ANTS Profiler helped us fix a problem in minutes that would have taken us weeks to track down. If only we'd thought of it before the competition, we would most likely have finished the entire race and had a chance at the top prize money.

All this stuff sounds either very naive or very marketing. You choose.

Re:As a C kernel programmer...

[maxwell demon]

As user of programs written in GCed languages, in my experience usually they are bad memory hogs. And don't tell me that memory is cheap. People constantly forget that we are not any more in the days of DOS, where there was essentially only one program running at any time.

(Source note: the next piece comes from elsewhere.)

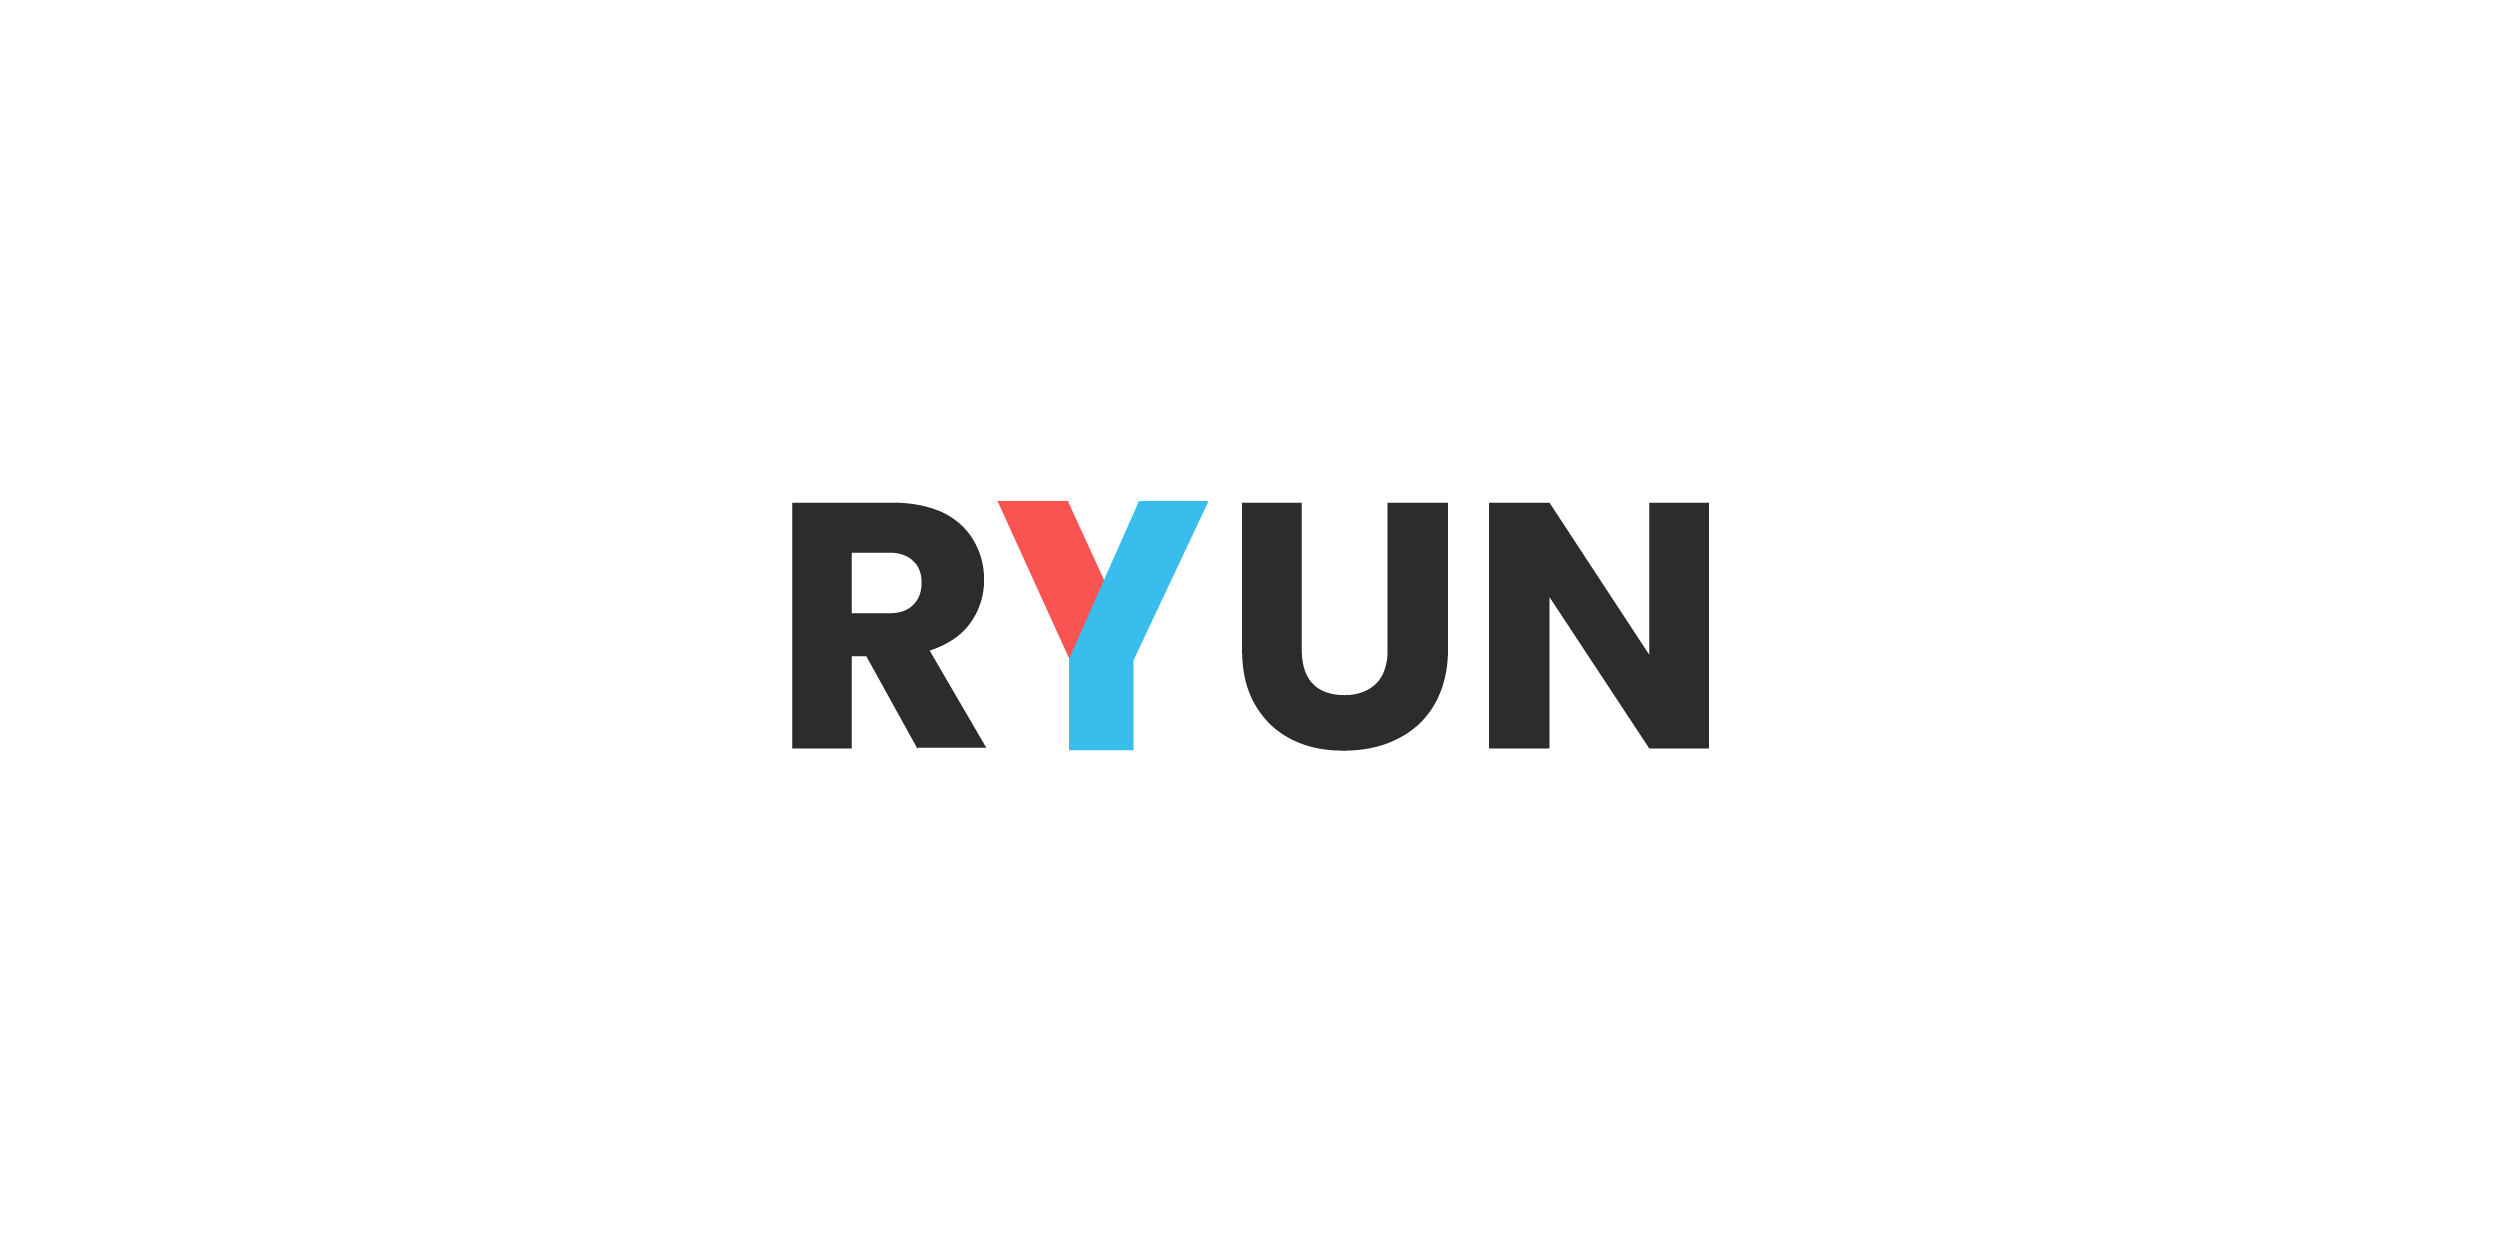 YAS product logo_RYUN english and logotype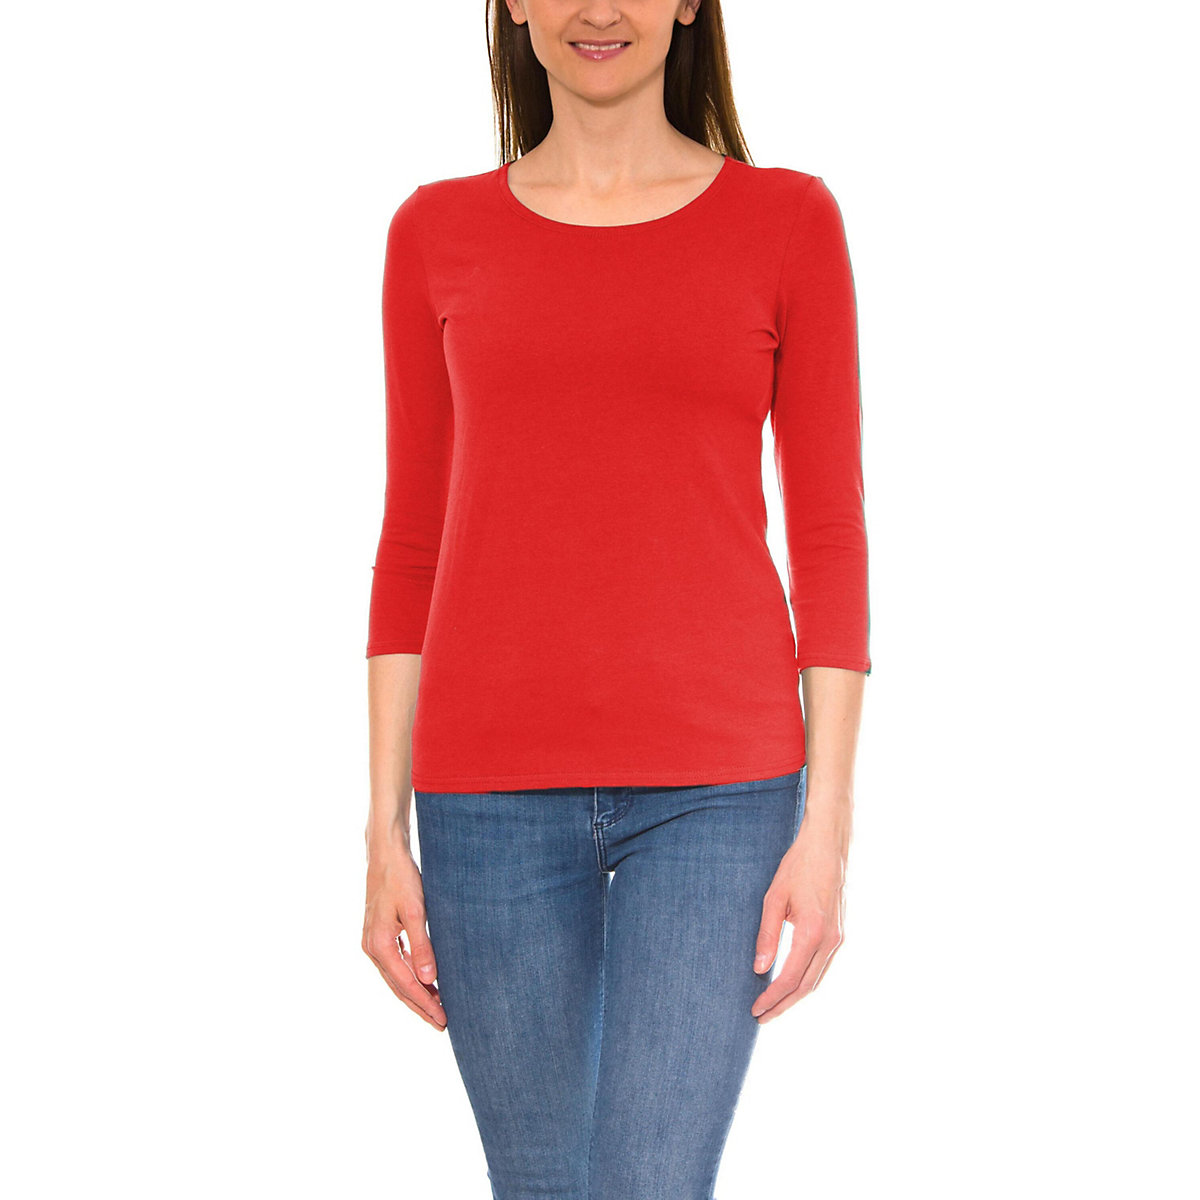 Alkato Damen Shirt 3/4 Arm mit Rundhals rot Modell 1

Re:Shasdotvertisiment at is best

[Bill Dog]

...the whole thing in C++ and use valgrind instead.

Or better yet, in C++ and use the RAII idiom. I.e. utilize the power of deterministic destruction, that C# and Java lack, to arrange it so that resources, including but not limited to just memory, are auto-freed. (You *can* run into this same kind of problem using reference-counted smart pointers in C++, but happily much of the time they aren't needed.)

Re:Stupid Slashdot headline

[blowdart]

I think you're getting hung up on the method name. There is no standard "delete" function that marks something as unused (dispose on the other hand sort of gets there). The article itself is unclear but I would assume that they were simply deleting the collision objects from a collection of potential hazards. Whilst that would remove the object from the collection itself it is *not* a delete. As references to the object existed elsewhere the object still exists (look ma, no null pointer exceptions) no delete happens. You cannot specifically say to the GC "We're done with this, delete it", the GC sweeps on a regular basis looking for objects with no references.

Would you really want the GC deciding that just because an object is no longer part of a collection it's safe to unsubscribe it from events and delete it? I know I wouldn't.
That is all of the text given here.